╭─ Records shown

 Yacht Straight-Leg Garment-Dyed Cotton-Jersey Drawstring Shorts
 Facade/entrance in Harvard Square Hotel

╰─
╭─ Records shown

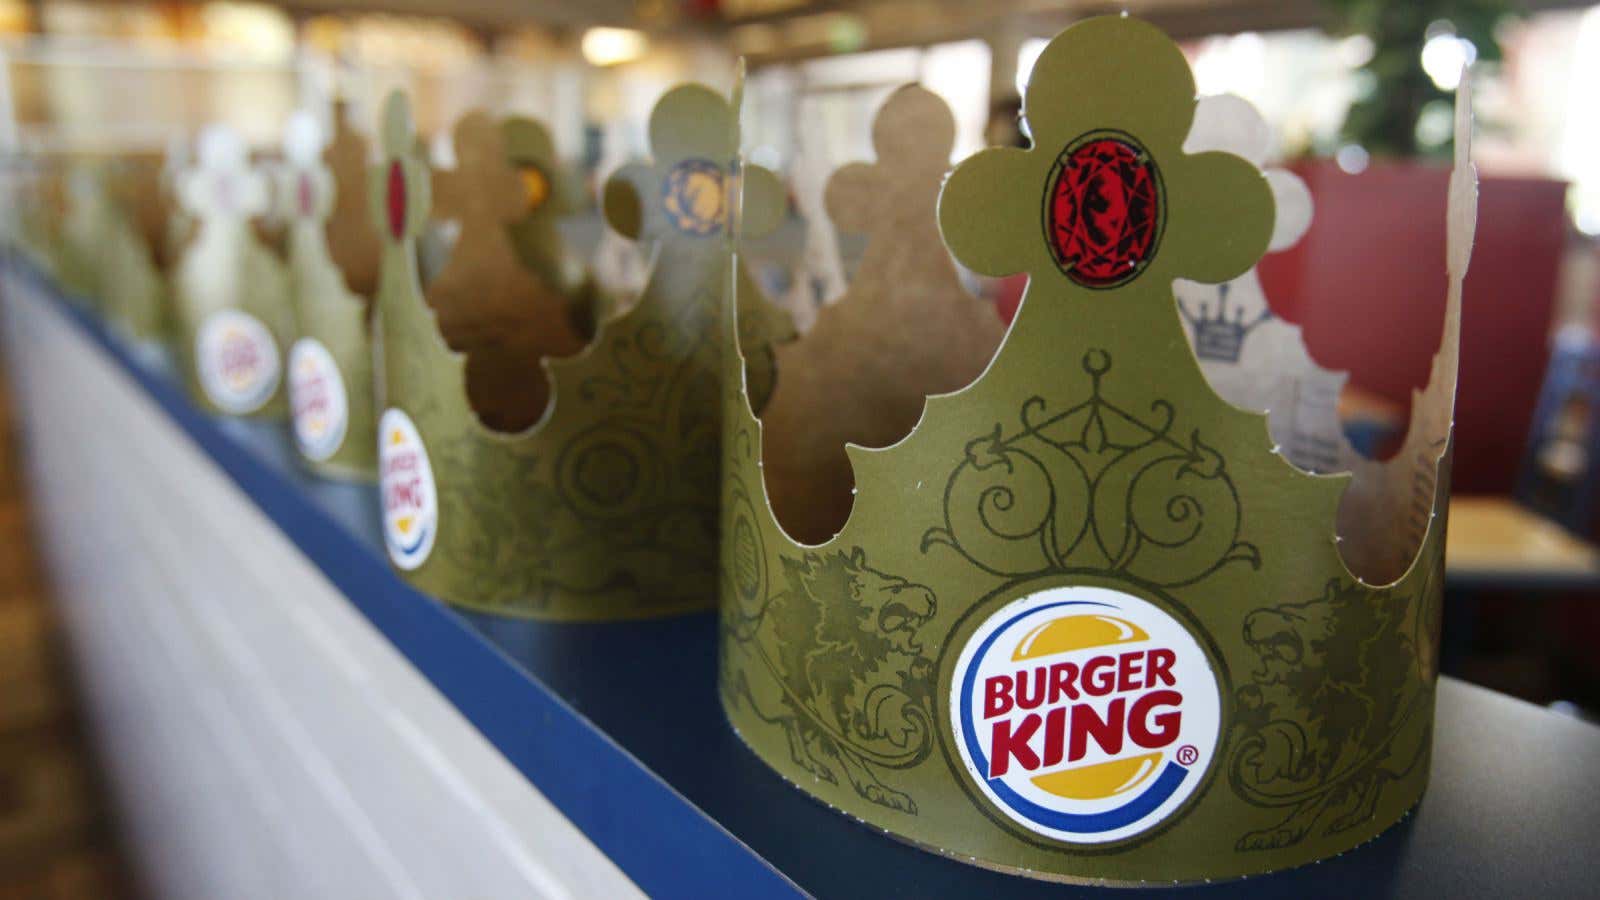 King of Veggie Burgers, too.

╰─
╭─ Records shown

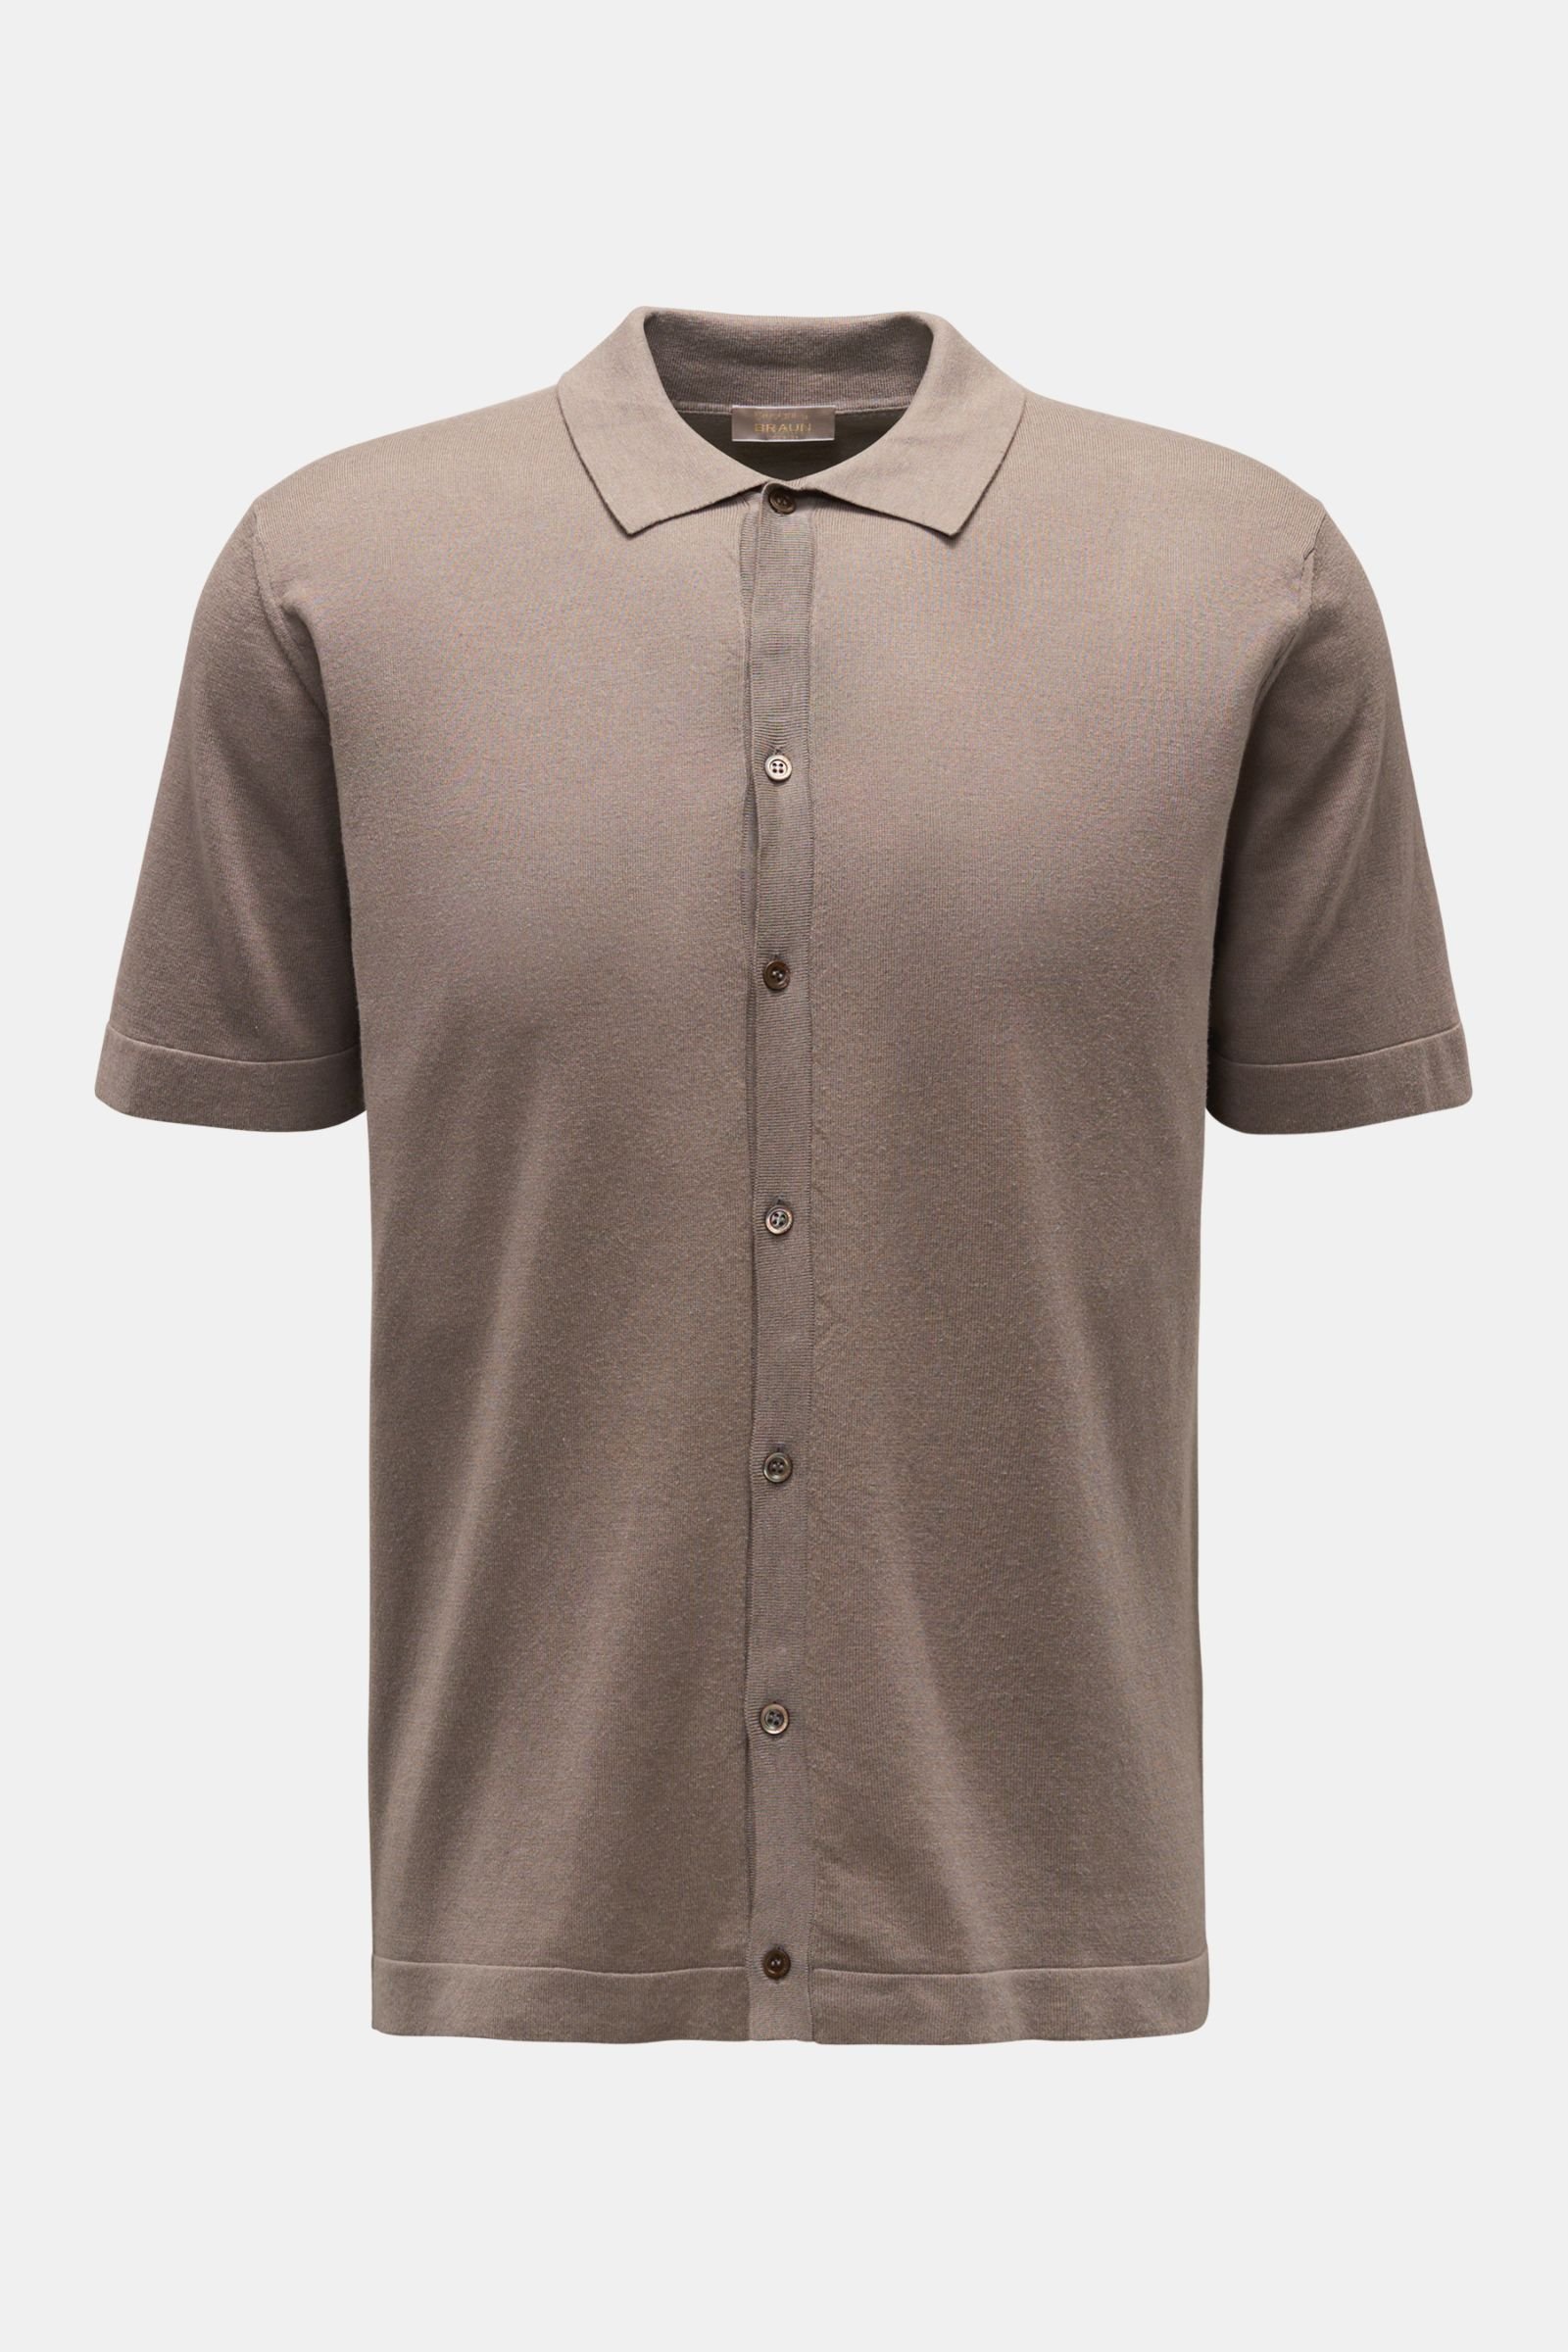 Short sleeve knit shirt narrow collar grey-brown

╰─

_Work item:_
Copy out only the lines of the records above from the one with "Yacht Straight-Leg Garment-Dyed" through the one with "Facade/entrance in Harvard Square Hotel", exactly as they stand, both included.

_Exercise response:_
 Yacht Straight-Leg Garment-Dyed Cotton-Jersey Drawstring Shorts
 Facade/entrance in Harvard Square Hotel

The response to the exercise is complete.